We couldn’t even check-out because the office wasn’t open. It opens on the dot of eight am, but that would’ve meant staying in their beautiful large furnished apartment for a good ten minutes longer.
Well. Not having that sort of restriction on our holiday, are we?
So we locked our front door key into the apartment, and hoped that they understood our need to scurry away before daybreak really got broken.
I don’t necessarily understand myself, but you don’t get to twenty years of unmarried bliss without blindly accepting your partner’s foibles.
It’s been a number of years since we last paid a visit to Hanmer. We used to go at least once a year, at least it seems that way now, but counting back we both worked out that we haven’t been since the earthquakes, which mean about five years or so.
Still, much of the place is the same. Jolly Jack’s is empty at the moment, which was a bit of a shock, but it’s been through changes of hand in the past without harm.
The fish ‘n’ chip shop we remember down the side lane has also changed hands and cuisine, but we weren’t in the mood for fast food anyway so it didn’t bother us none.
Driving back to Christchurch however, there were a few things that made me a bit sad.
The hill next to Balmoral Forest, where your stomach always used to end up lodged somewhere in your lower jaw, has been flattened out to a shadow of its former self.
The bungy jump out over the old bridge doesn’t even seem to be in operation anymore.
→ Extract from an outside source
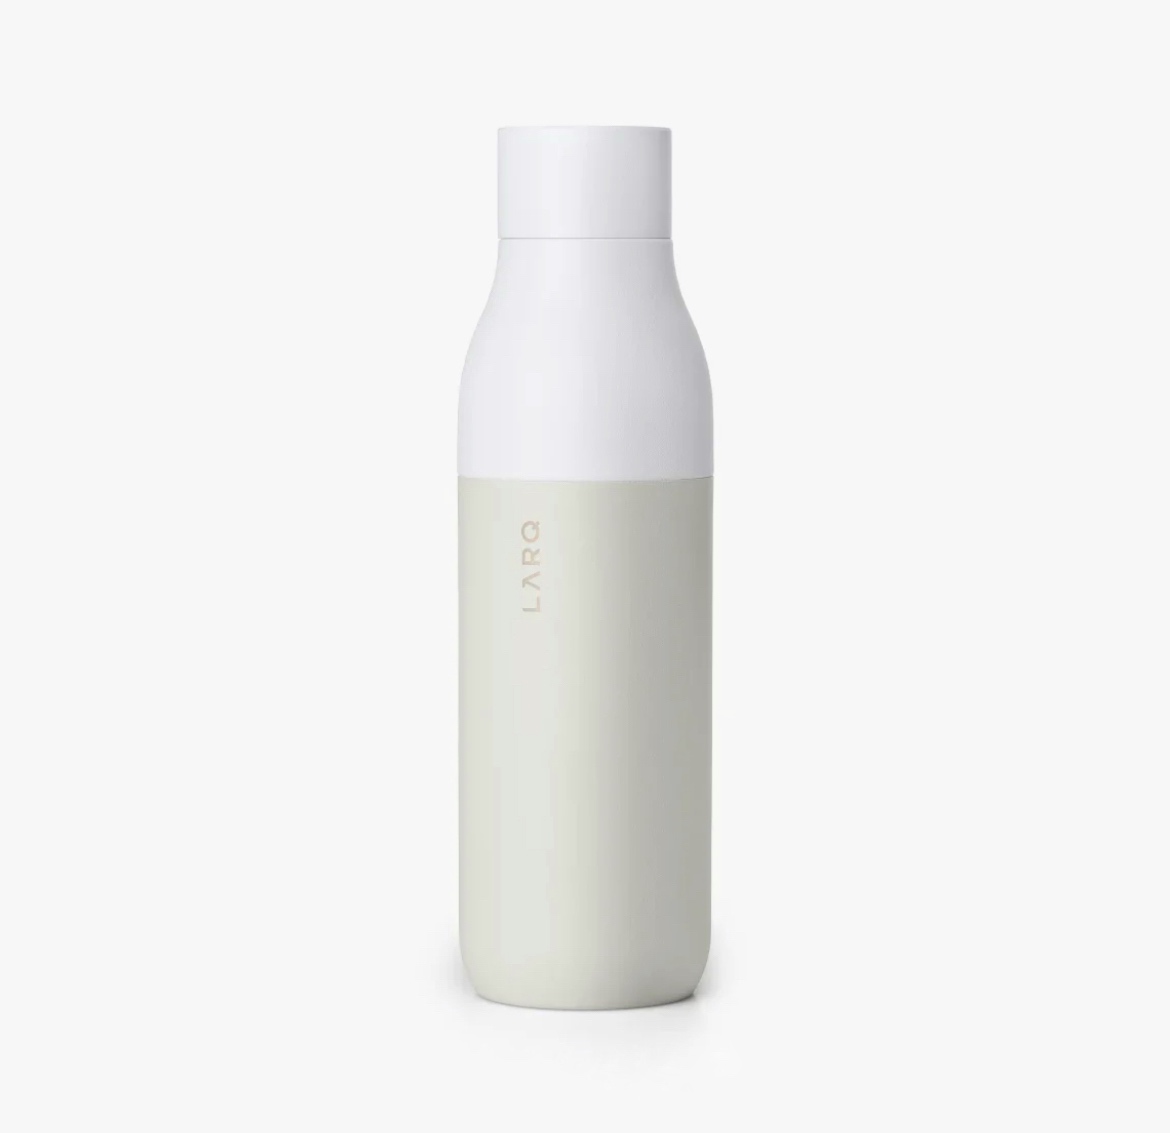 Double insulated self cleaning filtering LARQ water bottle

If it is, then the signage around it is sadly lacking.
And worst of all is the travesty that is Frog Rock.
That was always the landmark that used to tell us we were truly on the road to or from Hanmer. The giant old rock worn by years of wind into a sculpted frog squatting on a hill; leaning out over the road as thought it were keeping watch.
I remember when some department or other confirmed it was necessary to blow it to smithereens in order to avoid it deciding to part company with the hill one day, and potentially smashing some poor unfortunates passing on the road beneath.
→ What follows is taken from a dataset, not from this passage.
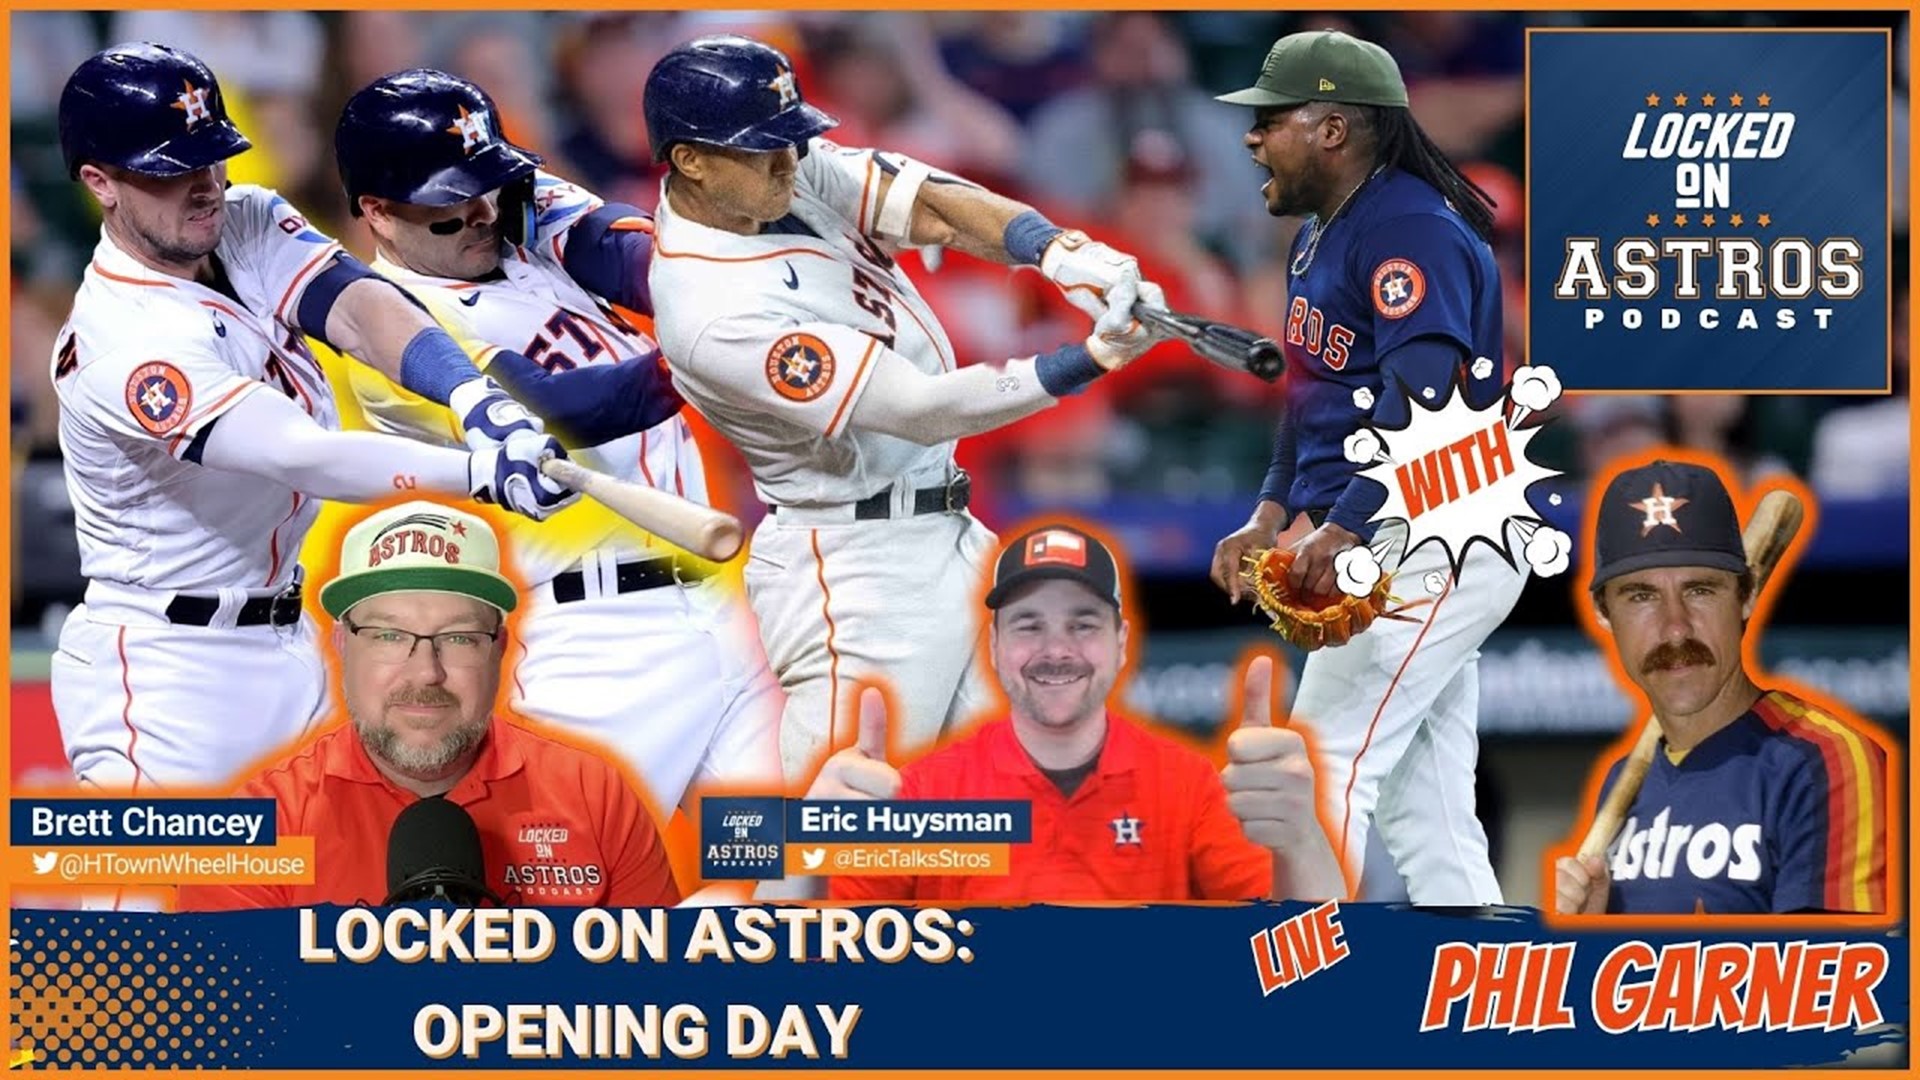 Astros Phil Garner Joins the Show on the Eve of Opening Day!

I’m sure it was in everyone’s best interests, I certainly have no wish to be squashed to death in the car by a giant frog, but couldn’t something else be done? Maybe just carve out another bend in the road?
So now we pass the old shed proudly proclaiming FROG ROCK and there’s not a frog in sight.
The only joy comes from imagining carful after carful of people speeding past, squinting and trying to make out a natural frog sculpture that’s no longer there.